By prosecuting Japanese officials for these charges, the tribunal was not acting on behalf of a legal order above nations but rather on behalf of a victor who sought to cloak their actions under the prestige of law. Instead of seeking to handle cases of these "Class A war criminals", Pal believed that the tribunal could only prosecute more conventional crimes like those of Unit 731 or the Nanjing Massacre.

Justice Pal also questioned if many of the defendants were liable for the illegal actions of their subordinates given the frequent lack of any real control the defendants had over their subordinates. A legitimate argument could be made that military seniors are responsible for their subordinates but Pal disagreed with extending that to government ministers (civilians) for the actions of other people in their ministries.

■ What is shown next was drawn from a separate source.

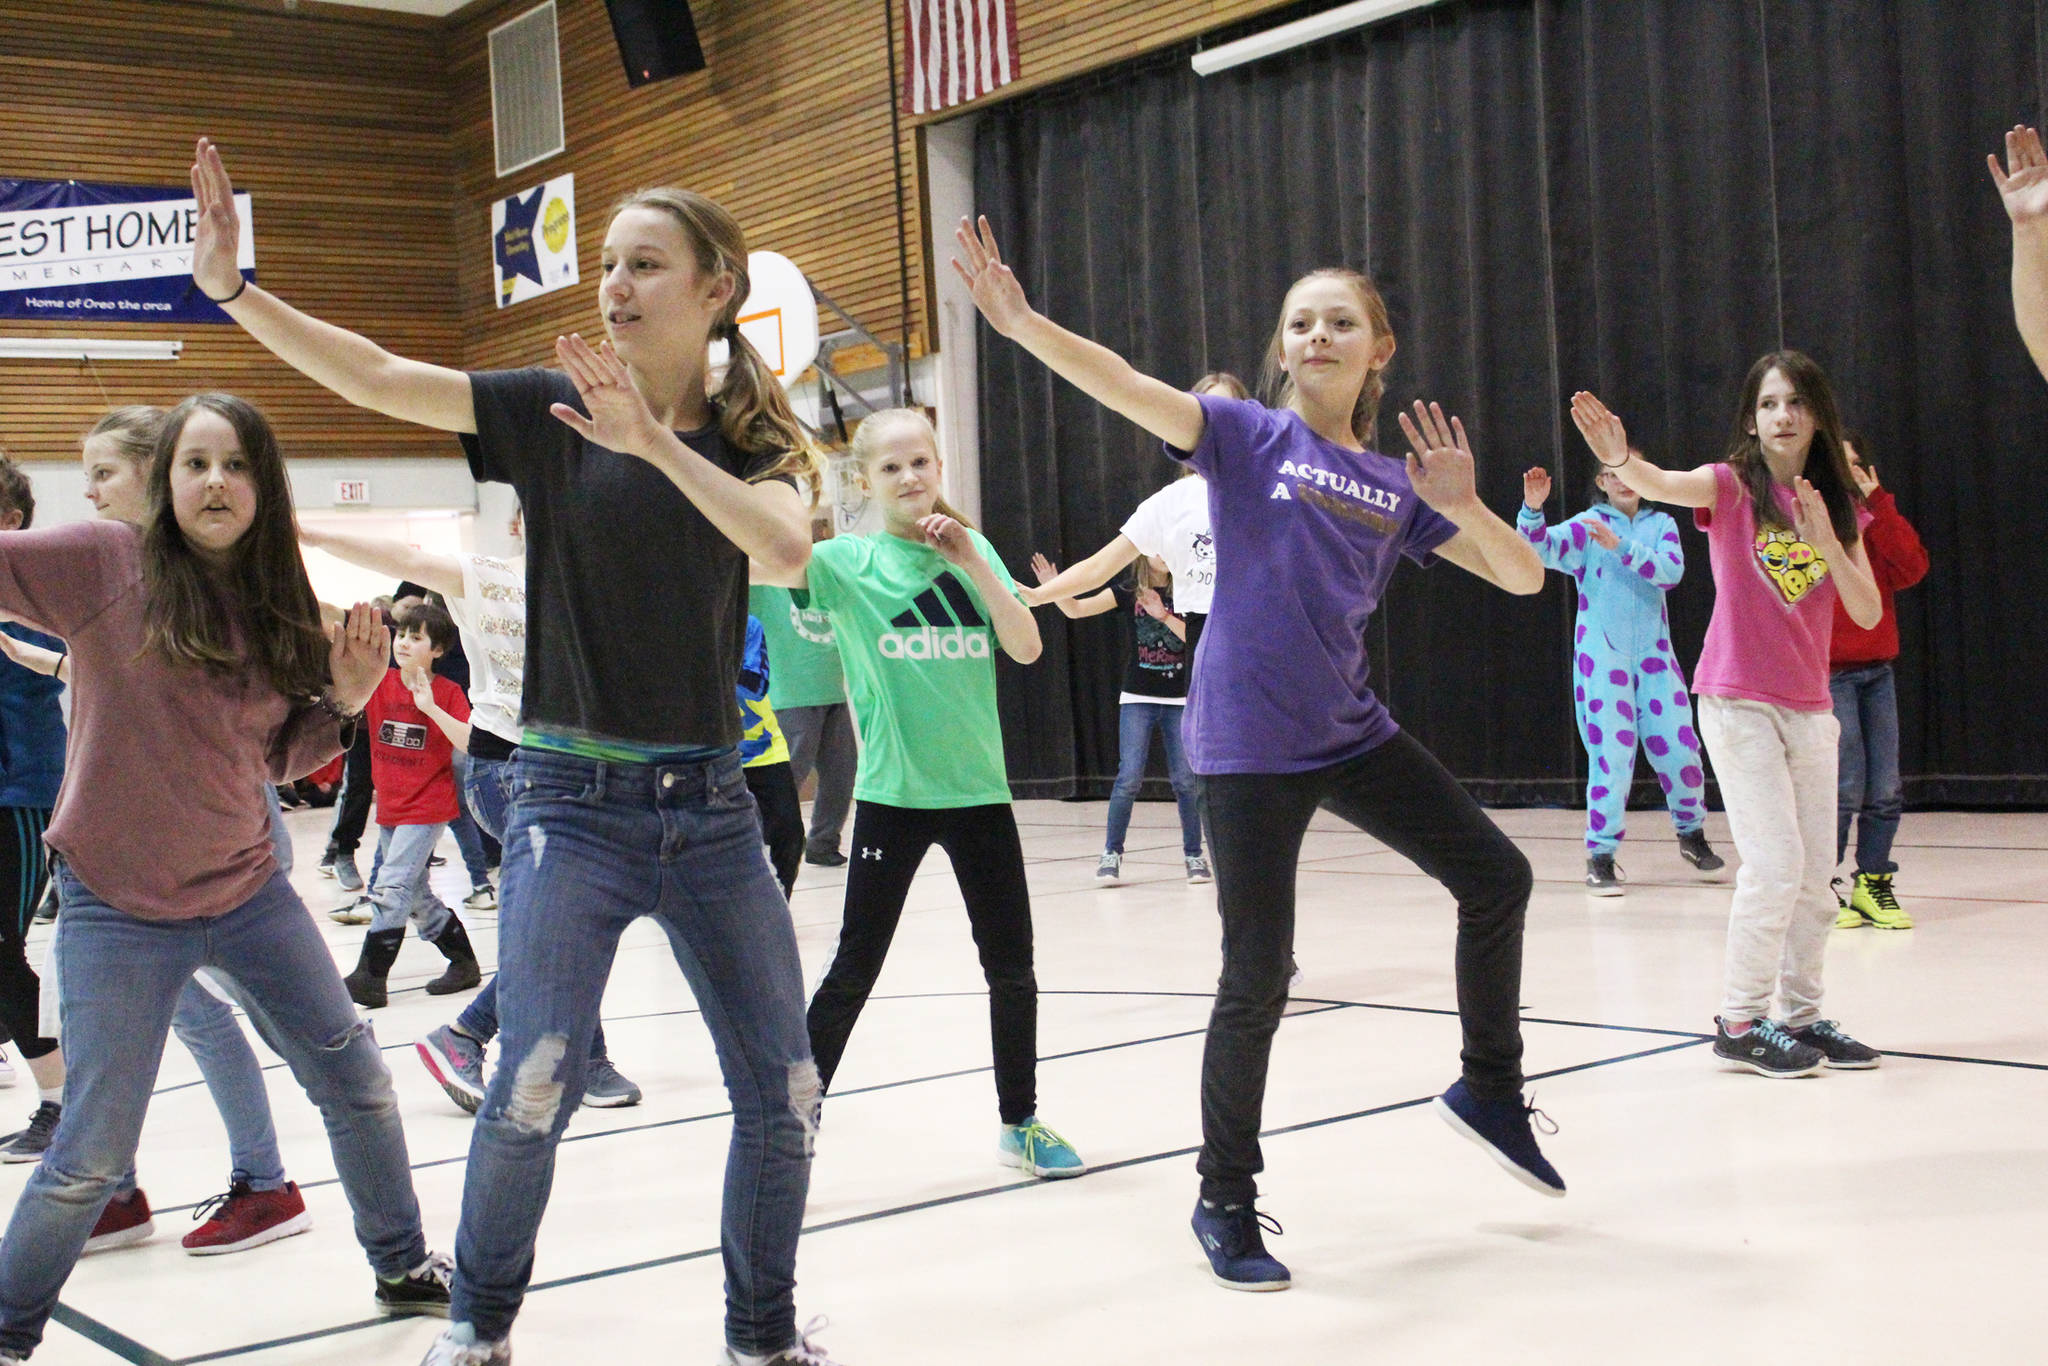 Students perform one o the dances they learned from Artist in the School resident Jocelyn Shiro during a recital for parents Friday, Feb. 23, 2018 at West Homer Elementary School in Homer, Alaska. (Photo by Megan Pacer/Homer News)

I would agree with that claim giving the very real difficulty in getting anything accomplished in government and in the virtual impossibility of firing senior leaders.

In regard to prosecuting senior IJA officers for the Bataan Death March, he concluded that a lack of evidence made prosecution unwarranted (and historians have found no reason to believe the atrocities committed against US and Philippeno POWs were ordered by the senior IJA leadership, only racist junior officers). He found conspiracies existed on lower levels (like the IJA in Manchuria) but not at the ministerial level.

Pal argued that Japan was only imitating Western Imperialism in their own quest for power and that while the means Japan had employed diplomatically were reprehensible, evil is not by itself criminal.

I hope to expand on this topic when I have a little more time.